For product teams building on Sigma, Javascript events are the mechanism that makes embedded analytics a genuine product capability rather than an add-on. Getting them right, understanding the full event surface and thinking carefully about what your product needs to know and control, is some of the highest-leverage work in a Sigma embedding implementation.

The teams that treat Javascript events as infrastructure, rather than a nice-to-have layer on top of an embed, are the ones whose analytics feel like they were built there from the start. 

If you're evaluating how Sigma could fit into your product architecture, or you're already embedding and want to see what a fully realized Javascript event integration looks like in practice, we'd love to show you. Request a demo and we'll walk through what's possible for your specific use case.

Frequently Asked Questions

What are Javascript events in embedded analytics?

Javascript events are messages passed between an embedded analytics tool and your host application using the browser's native postMessage API. They enable real-time, bidirectional communication — so your host app can control what Sigma displays, and Sigma can notify your host app when a user interacts with a workbook.

What is the difference between inbound and outbound Javascript events in Sigma?

Outbound events flow from Sigma to your host application, notifying it when something happens inside the embed — such as a chart click, filter change, or workbook load. Inbound events flow from your host application to Sigma, allowing your host to update variables, change pages, or control the embed based on application state.

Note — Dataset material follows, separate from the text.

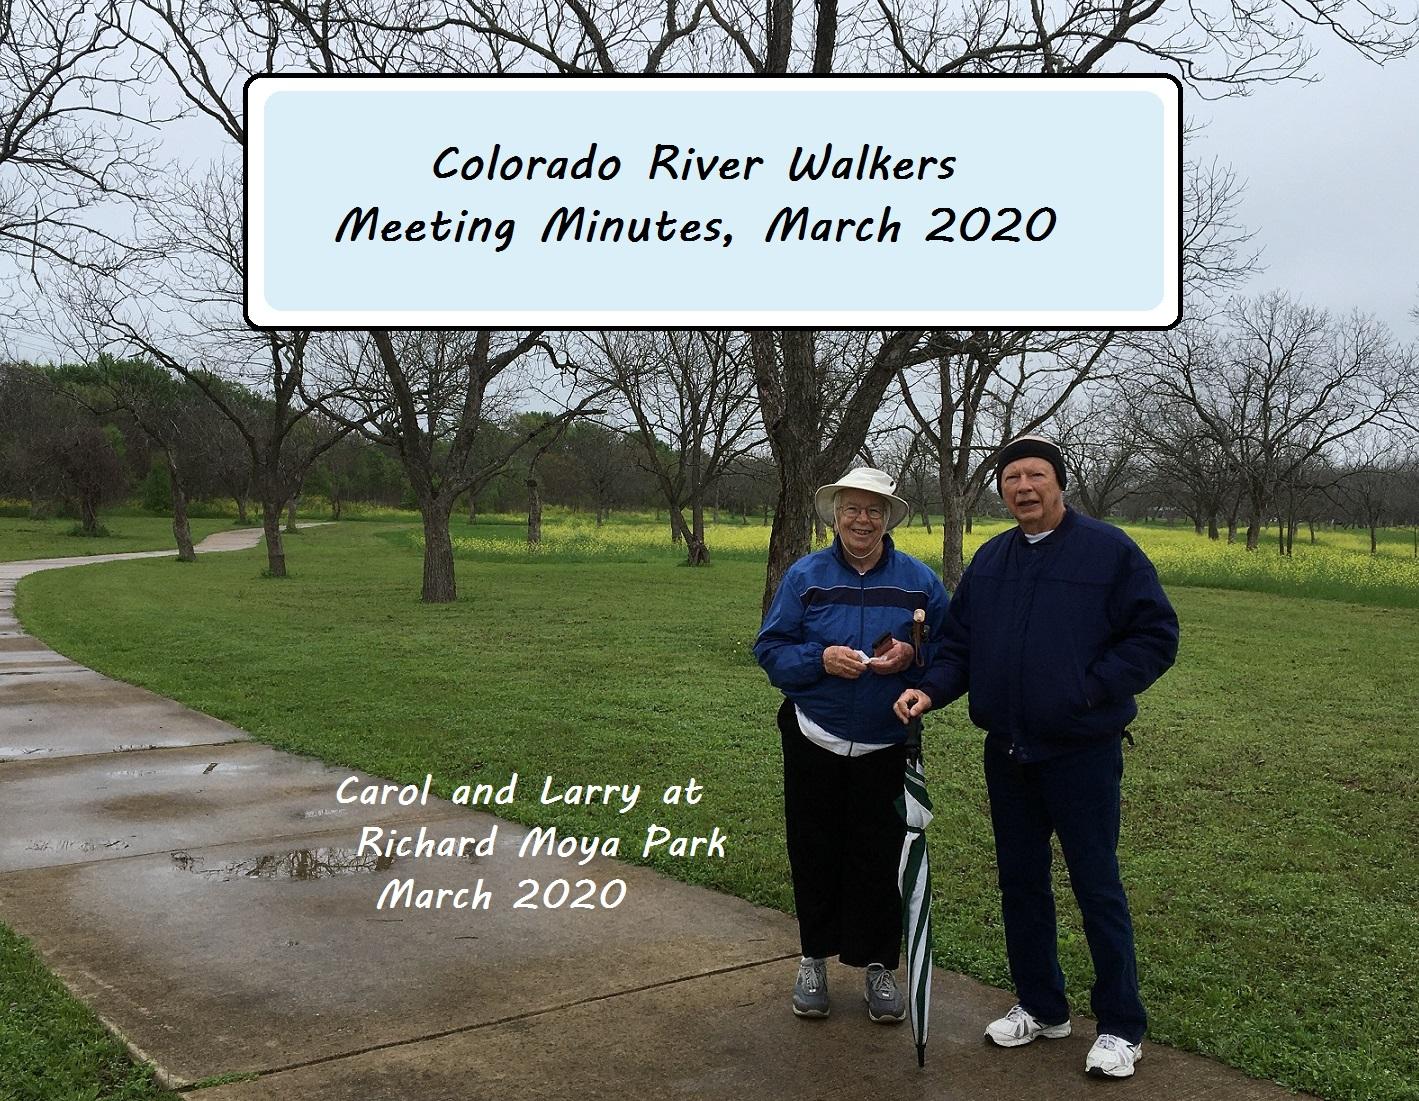 Meeting Minutes Mar 2020

How do Javascript events make embedded analytics feel native?

By enabling your host application and the analytics embed to share state in real time, Javascript events eliminate the disconnect between the two contexts. Loading states sync, filters reflect the user's existing session, and interactions inside the embed can trigger actions anywhere else in the product.

Can Sigma embedded analytics trigger actions in an external application?

Yes. Sigma supports custom workbook actions that emit event payloads to your host application when a user clicks a button, selects a row, or drills into data. Your host application can use that payload to create records, trigger workflows, or update application state entirely outside of Sigma.

How does Sigma handle sharing in an embedded analytics context?

Embedded link sharing in Sigma routes through your host application, not Sigma's domain. When a user shares a workbook, exploration, or bookmark inside the embed, your application handles the event and generates a link back to your product. That link carries an exploreKey, bookmarkId, or both, so the recipient opens the exact view inside your embed. Recipients must be authenticated through your application's security model. For setup details, see QuickStart 13: Link Sharing.